Predictive variables for low functional strength
Correlation analysis was performed using the data from the previous analysis, and Fig. 4A and B show the results of the adjusted and partial correlation analyses, respectively. Correlation analysis showed that after correction for multiple testing, sports activity in minutes per week was inversely related to metabolic biomarkers and positively related to healthy lifestyle and to tryptophan intake. Sports activity was also related to Akkermansia, Alistipes, Bacteroides, Odoribacter, Oscillibacter, and Streptococcus. Absolute HGS in was more strongly related to sex, age, tryptophan intake, and the taxa Clostridium XIVa, Dialister, Escherichia.Shigella, Faecalibacterium and Parasutterella. Caffeine intake was inversely correlated with the ADII, Anaerostipes, and Flavonifractor and positively correlated with the Chao1 and InvSimpson indices. This was also true after adjusting for sex, age, and BMI.
Correlation plots showing (A) the correlations adjusted for multiple testing, and (B) the correlations adjusted for age, sex, and BMI between handgrip strength (HGS), sports activity, strength fitness groups, inflammatory and lifestyle parameters, and relative microbial abundance. Blue and red indicate positive and negative correlations, respectively. The color density and square size reflect the scale of the correlation significance cut-off points by *p ≤ 0.05, **p ≤ 0.01, ***p ≤ 0.001, and ****p ≤ 0.0001. CRP, C-reactive protein; IL-6, Interleukin 6; HLS, healthy lifestyle score; ADII, adapted dietary inflammatory index.
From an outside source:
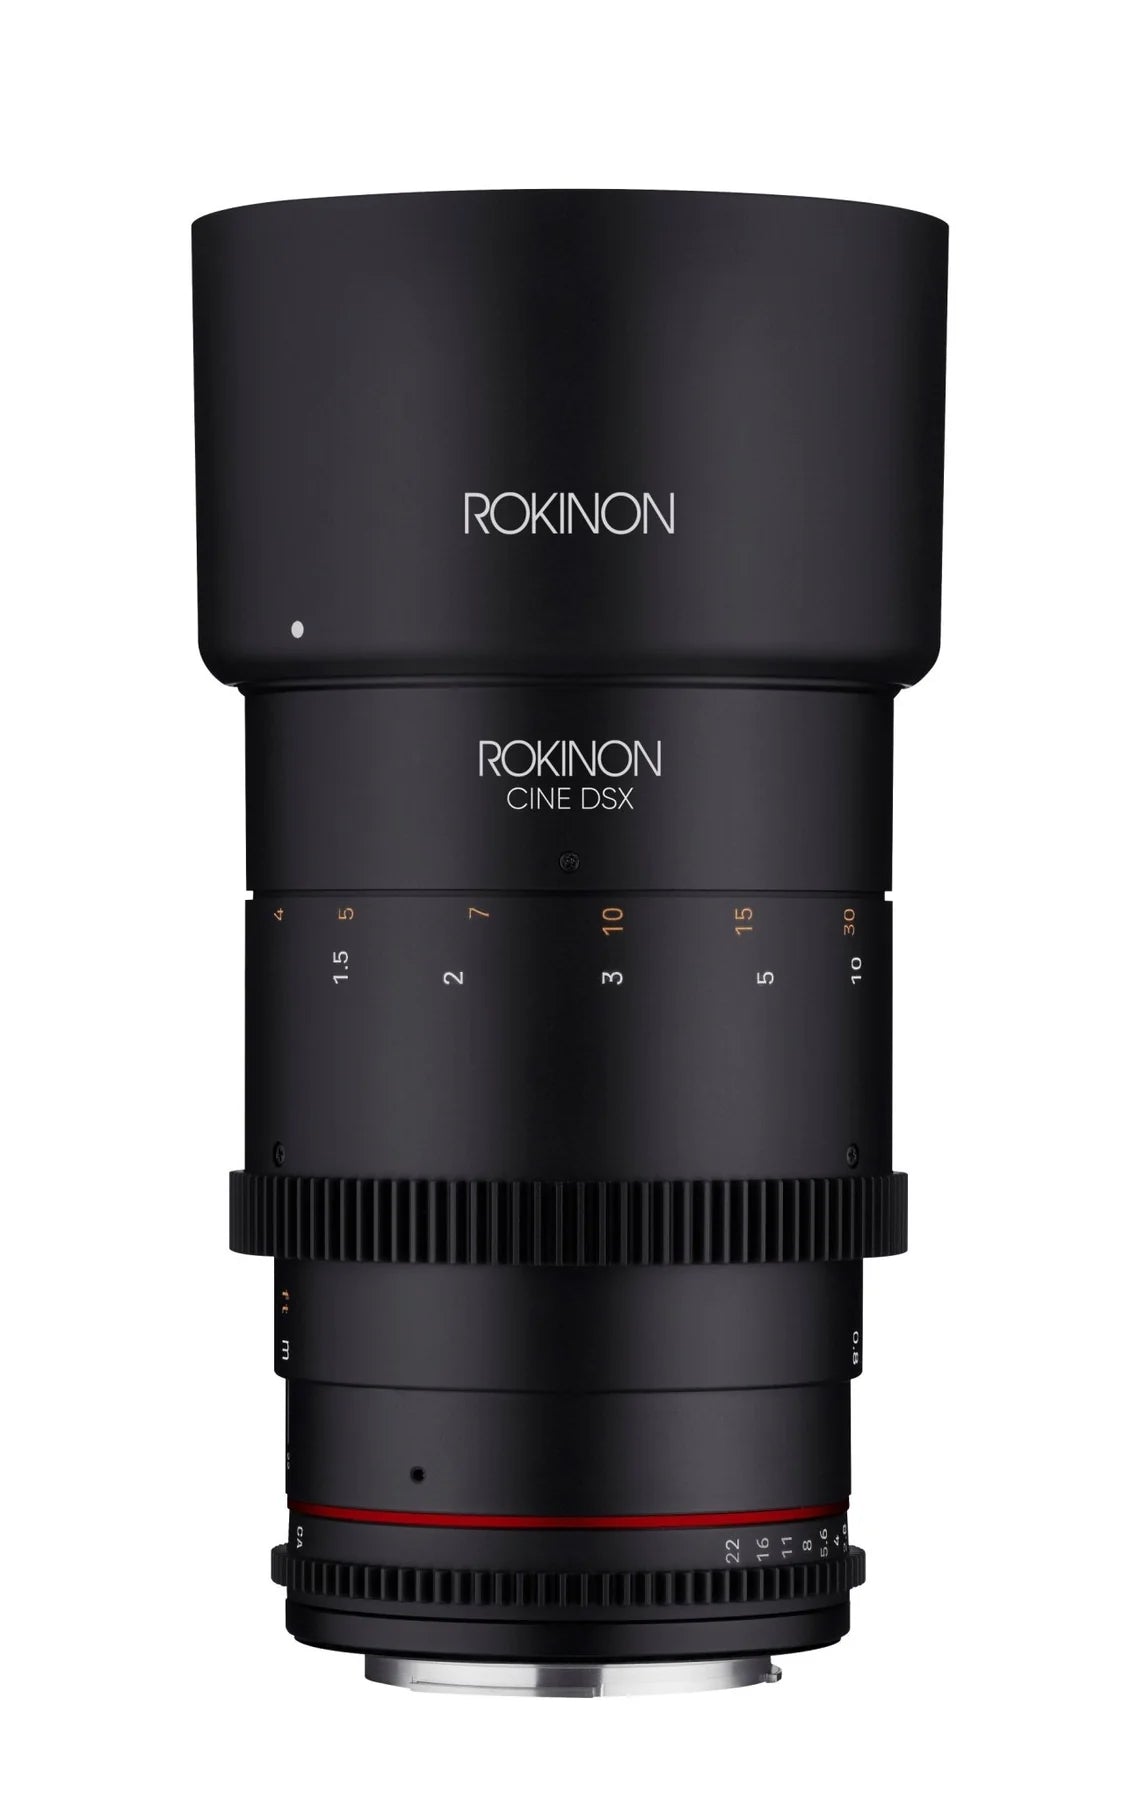 Rokinon 135mm T2.2 Full Frame Telephoto Cine DSX Lens | Filter Size 77mm - Canon EF Lens Mount Camera tek
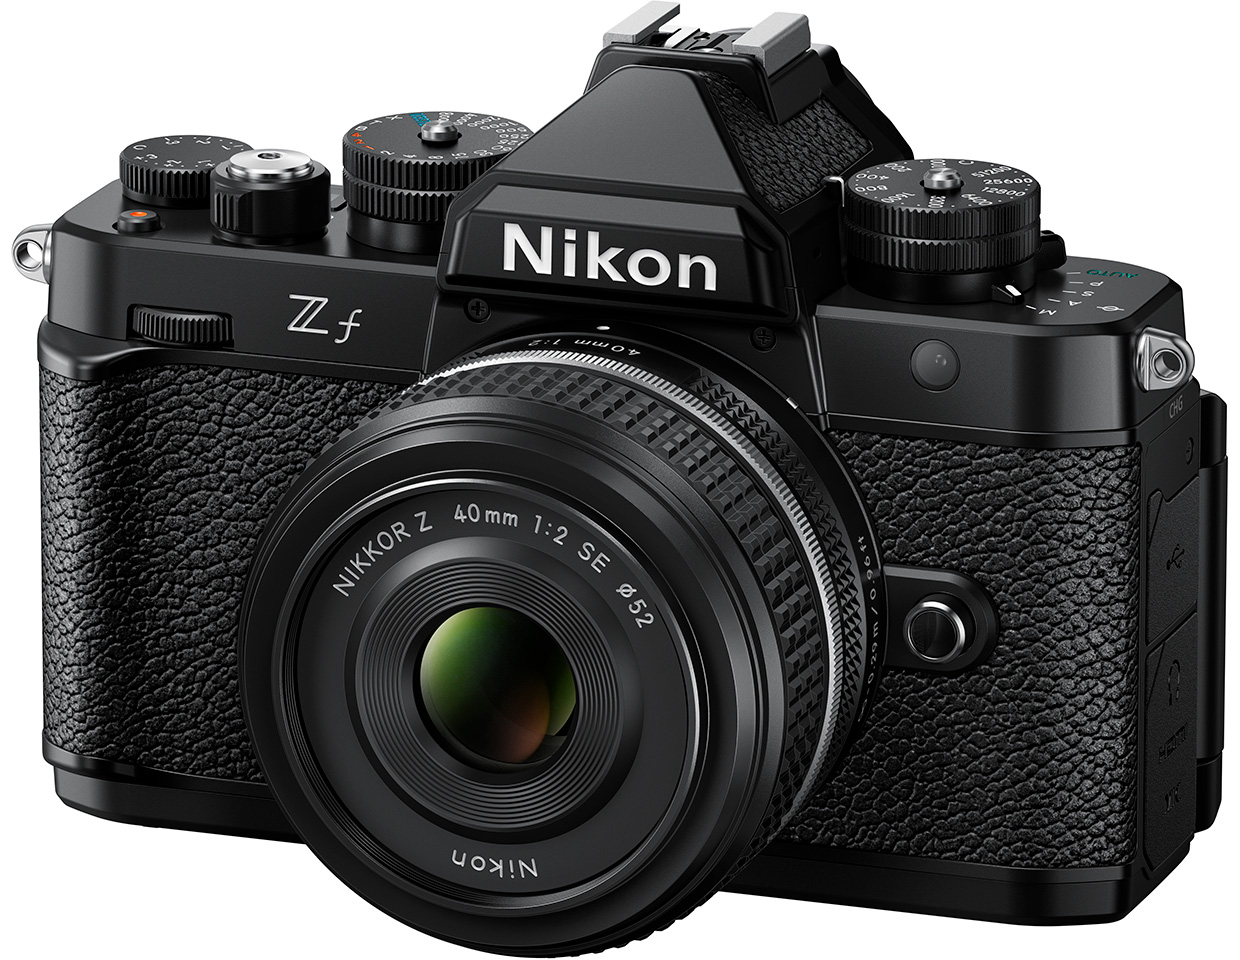 フルサイズミラーレスカメラ「ニコン Z f」を発売 | ニュース | Nikon ...

Supplementary Table S6 (in the Electronic Supplementary Material) presents the odds ratios (OR) with 95% confidence intervals (CI)) of the potential predictors of low functional strength using a multivariate binomial logistic regression model with functional strength groups. Significant predictors associated with an increase in the probability of low functional strength (LL) were age (OR (95% CI) 1.12 (1.08–1.17, p < 0.001)) and daytime sleep (OR (95% CI), 2.72 (1.51–5.42, p = 0.002)), whereas high HLS adherence reduced the risk of low functional strength (OR (95% CI) 0.18 (0.09–0.33, p < 0.001)). Supplementary Table S7 (in the Electronic Supplementary Material) presents the odds ratios of potential predictors, including microbiota, for the likelihood of having a low functional strength level and shows that the inclusion of the Chao1 and InvSimpson indices did not significantly change the previously mentioned confounders.